In the prior Naples generation, the special HPC part, quietly launched in November 2018, was the Epyc 7371, which had half of the cores on the Naples die activated. The fastest 16-core Naples part before this was the Epyc 7351, which had 16 cores running at 2.4 GHz with a turbo boost to 2.9 GHz. The chip had 64 MB of L3 cache and burned at 170 watts, all for $1,100 a pop when bought from AMD in 1,000-unit trays. To give HPC customers running traditional simulation and modeling workloads as well as AI workloads some extra oomph on the CPU, AMD jacked the clock speeds on this 16-core chip by 33.3 percent to 3.2 GHz and the boost clock speed by 24.1 percent to 3.6 GHz to create the Epyc 7371. The thermals went up by 17.7 percent to 200 watts (if you compare peak to peak) and the cost rose by 40.9 percent to $1,550. Getting more oomph in a socket always increases the price a little faster than the performance, so this is not a surprise.

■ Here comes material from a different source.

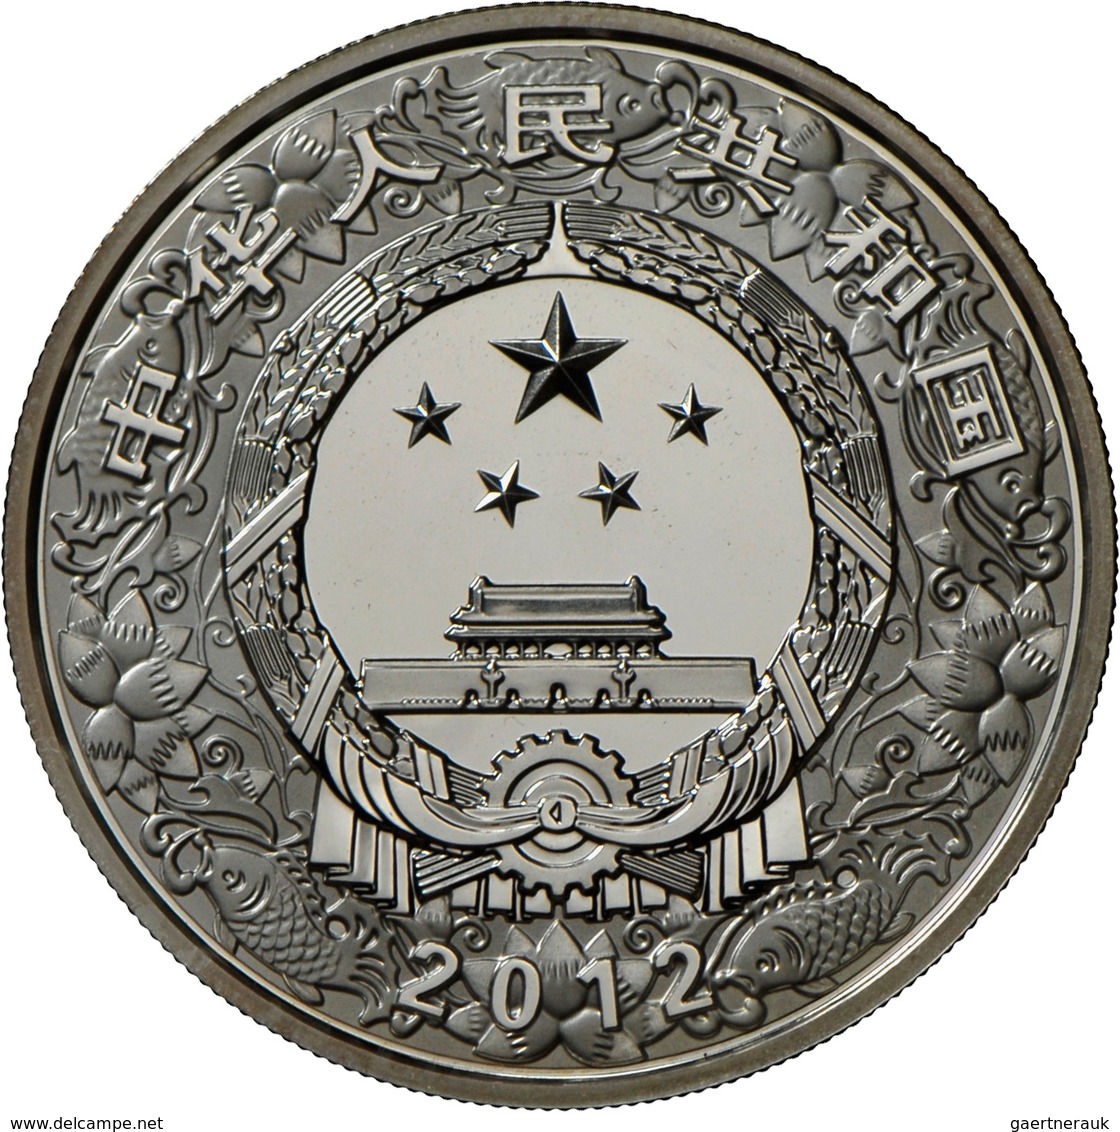 China - Volksrepublik: Lot 2 Silbermünzen: 10 Yuan 2012 Jahr Des Drachen Farbmünze, 1 OZ 999/1000 Si - Cina
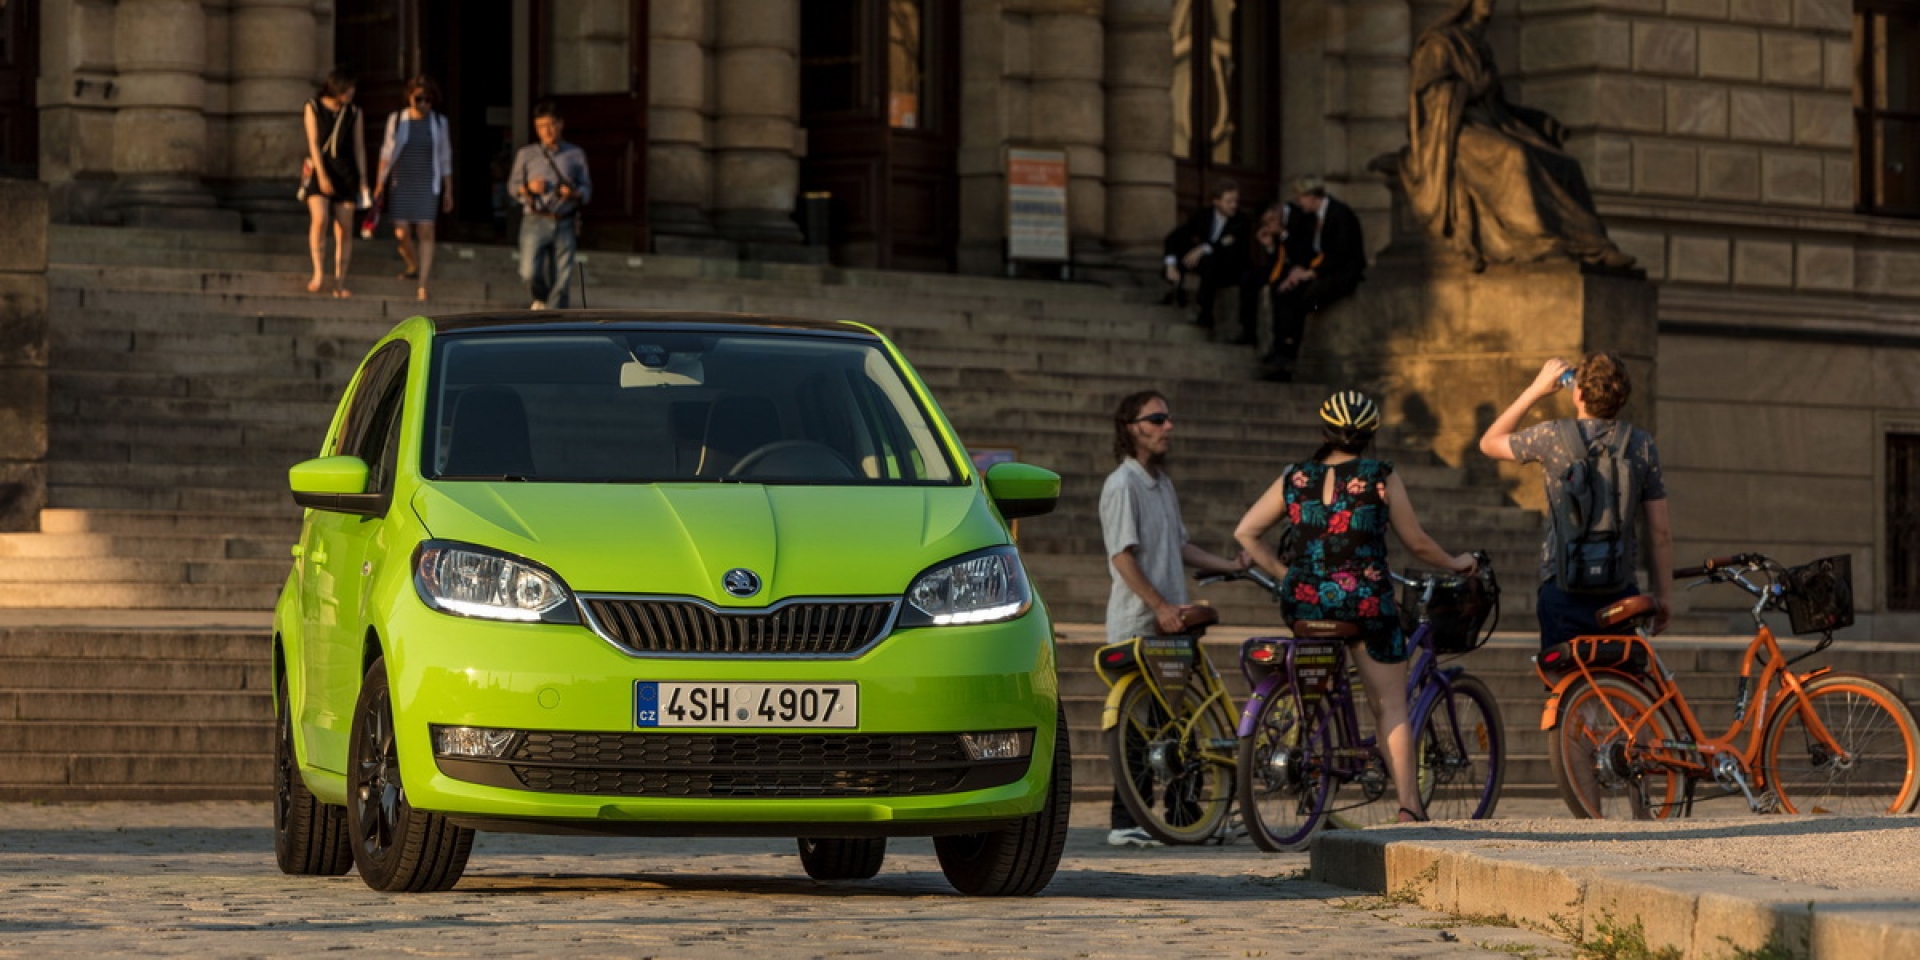 官方新聞稿。歐洲最佳城市小車 Škoda Citigo悠遊上市

With the special Rome HPC chip, AMD is going all the way by goosing the full 64-core variant of the Rome compute complex. The plain vanilla Epyc 7742 has 64 cores spinning at 2.25 GHz with a boost speed of 3.4 GHz; the chip has 256 MB of L3 cache, burns 225 watts, and costs $6,950 each when bought in tray lots. The new Epyc 7H12 HPC variant has 64 cores that are jacked up by 15.6 percent to 2.6 GHz on the base frequency, with the boost frequency actually decline a smidgen to 3.3 GHz. The thermal design point rises by 15.6 percent to 280 watts and at this point requires liquid cooling like Atos is doing with its Bull/Sequana XH2000 supercomputers. The XH2410 blade for the Sequana machines, which we previewed last November, has three two-socket nodes in a 1U tray and up to 32 of them can be crammed into a single cabinet along with interconnects for various supercomputer topologies and protocols. Here is what it looks like:
That means Atos/Bull can put 12,288 cores in a rack. Atos tested the Rome Epyc 7H12 chip in a dual-socket node and was able to get 4.2 teraflops running the High Performance Linpack test that is used to rank supercomputers, and said further that this chip delivered 11 percent better Linpack performance. If the cost of the Epyc 7H12 chip scaled linearly based on its peak theoretical performance compared to the Epyc 7742, then the Epyc 7H12 would cost $8,031 a pop. If it scaled with delivered Linpack performance, it would cost $7,715. But as we said, every incremental gain in performance costs more than that linear scale. With the same delta as the difference between the plain vanilla and HPC part in the Naples line, the Rome HPC part would cost $9,793 a pop. Our guess is that list price is around $9,000 each for the Epyc 7H12.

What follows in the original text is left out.